White America's Willy Loman crisis: Inside the suicide epidemic raging in the bastions of middle-class privilege

New research highlights the rising number of middle-aged white men taking their own lives—and being ignored

Published November 27, 2015 10:59AM (EST)

Philip Seymour Hoffman as Willy Loman in "Death of a Salesman"    (AP/Charles Sykes)
Philip Seymour Hoffman as Willy Loman in "Death of a Salesman" (AP/Charles Sykes)

Recent reports on a dramatic spike in middle-aged white male suicides has thrown a spotlight on a trend that has been years in the making but long remained in the shadows as a taboo subject.

For a whole host of reasons, white men my age have real brand problems. There just is not the societal concern over a demographic cohort whose skin color alone is one that historically conferred privilege. To be honest, as a collective brand, older white guys overplayed our hand. Don’t expect a telethon or a White House Conference on our predicament. Certainly, centuries of treating people as chattel, targeting Native Americans for genocide, denying women political autonomy -- the list goes on and on -- has narrowed our fan base.

No doubt there’s a reason we feel so alone and angry. We were masters of the universe, until we weren’t, and in the violent world we created a handgun becomes our last refuge to meet our maker.

After a national decline from 1986 up until 2000, the number of Americans committing suicide in 2009 surpassed the 35,369 deaths that year that were attributed to traffic accidents.
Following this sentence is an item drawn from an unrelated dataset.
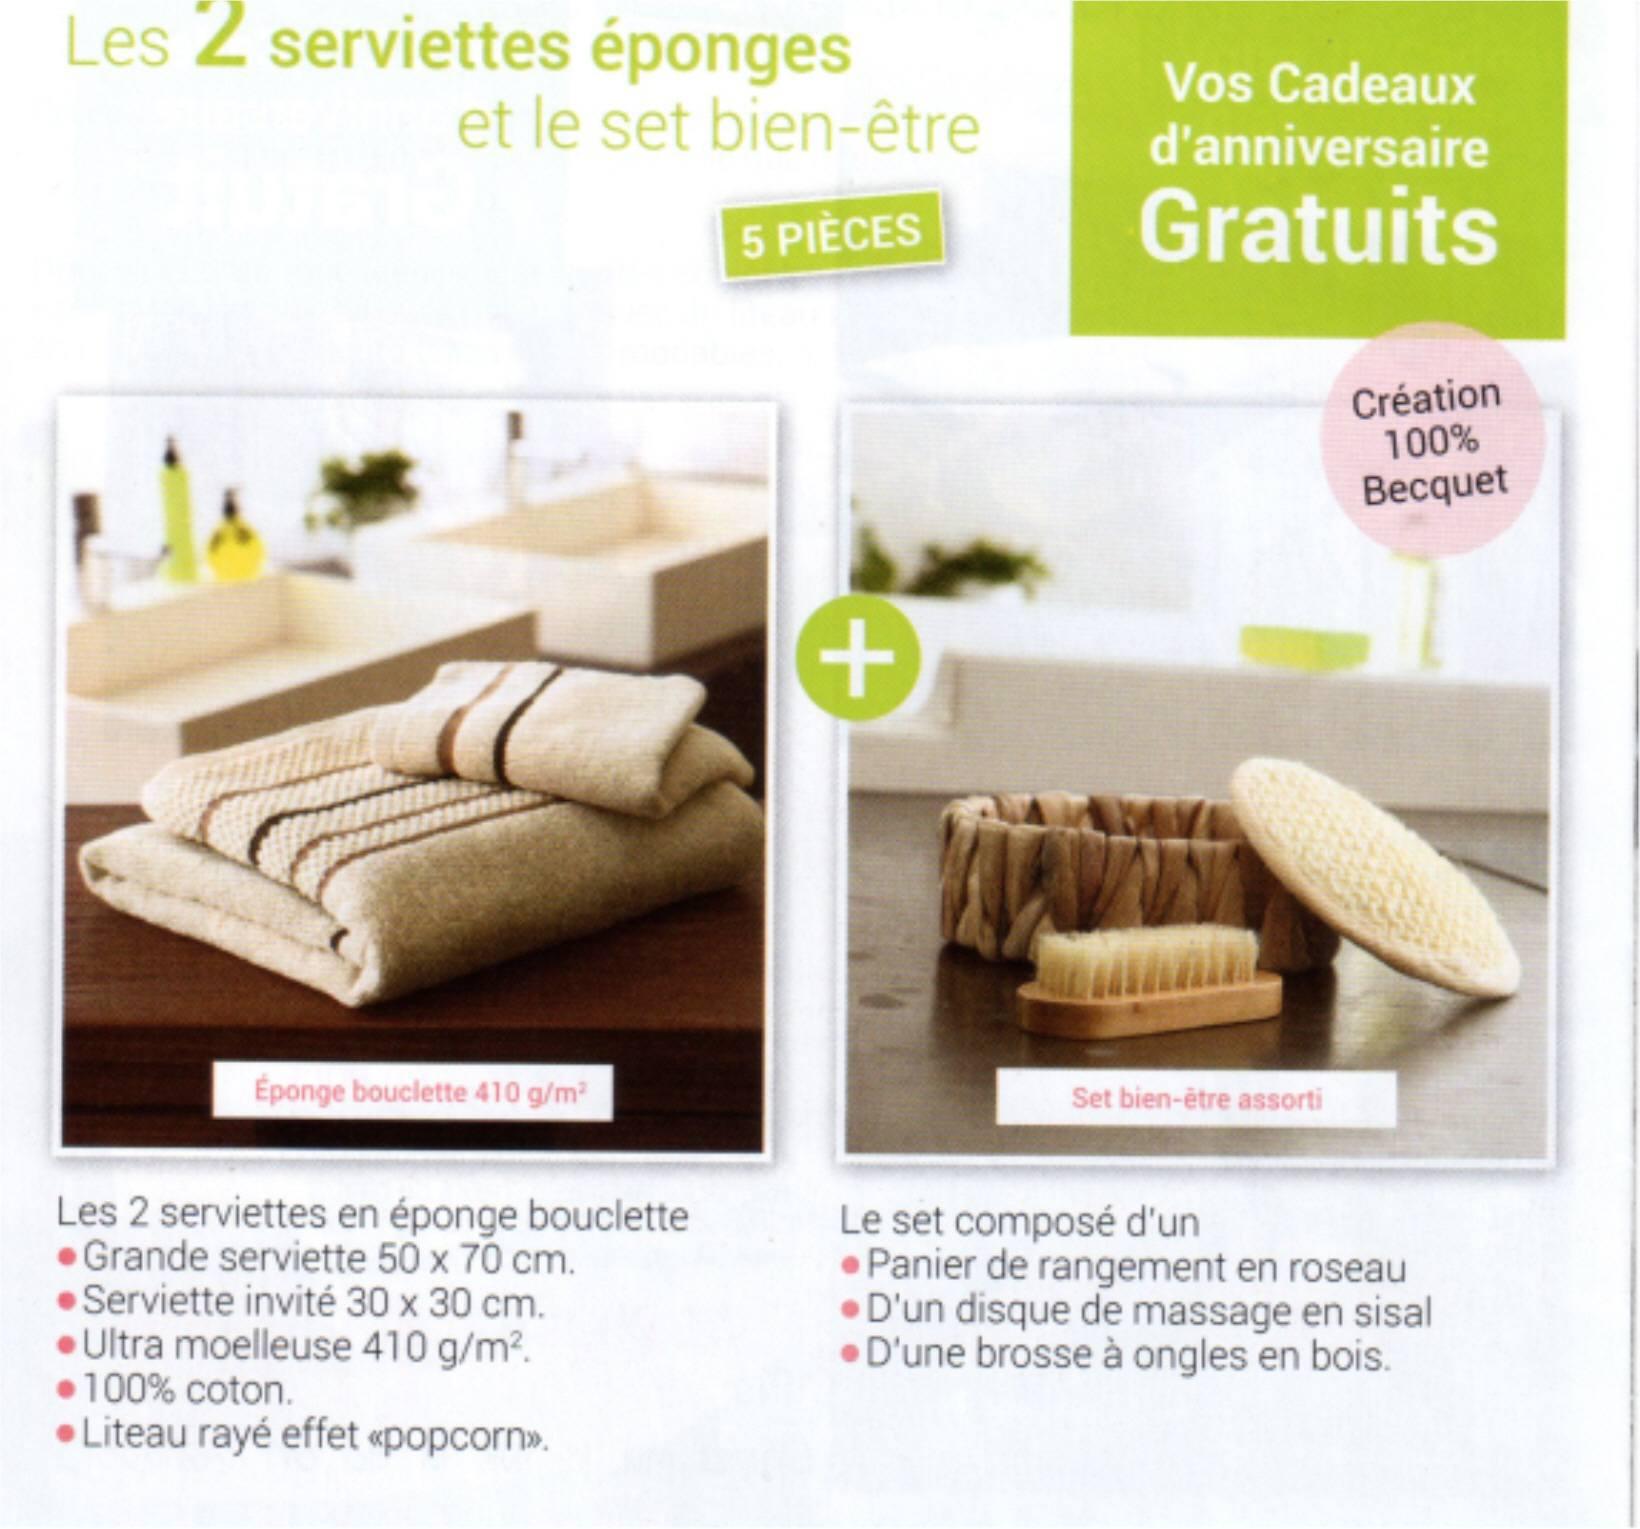 becquet cadeaux les 2 serviettes ponges et le set bien etre 20 60 fpp. Black Bedroom Furniture Sets. Home Design Ideas

By far the largest group that chose to end it all, rather than seeing another day on plant earth, was older white men.

According to federal morbidity stats in 1999, 9,599 white men killed themselves. By 2010 that number was 14,379. In 2013 the U.S. recorded 41,149 suicides, 70 percent of which were white men, who mostly shot themselves. The most heavily affected demographic is middle-aged white men in the 45 to 64 age cohort.

This die-off may serve as a kind of anthropological warning about the pernicious nature of global capitalism and how it treats those its marketplace judges surplus. As the twenty-somethings are finding out with their low post-college wages and their debt-burdened balance sheets, no matter what your demographic niche, this is a rigged game, kind of like trying to walk up the down escalator.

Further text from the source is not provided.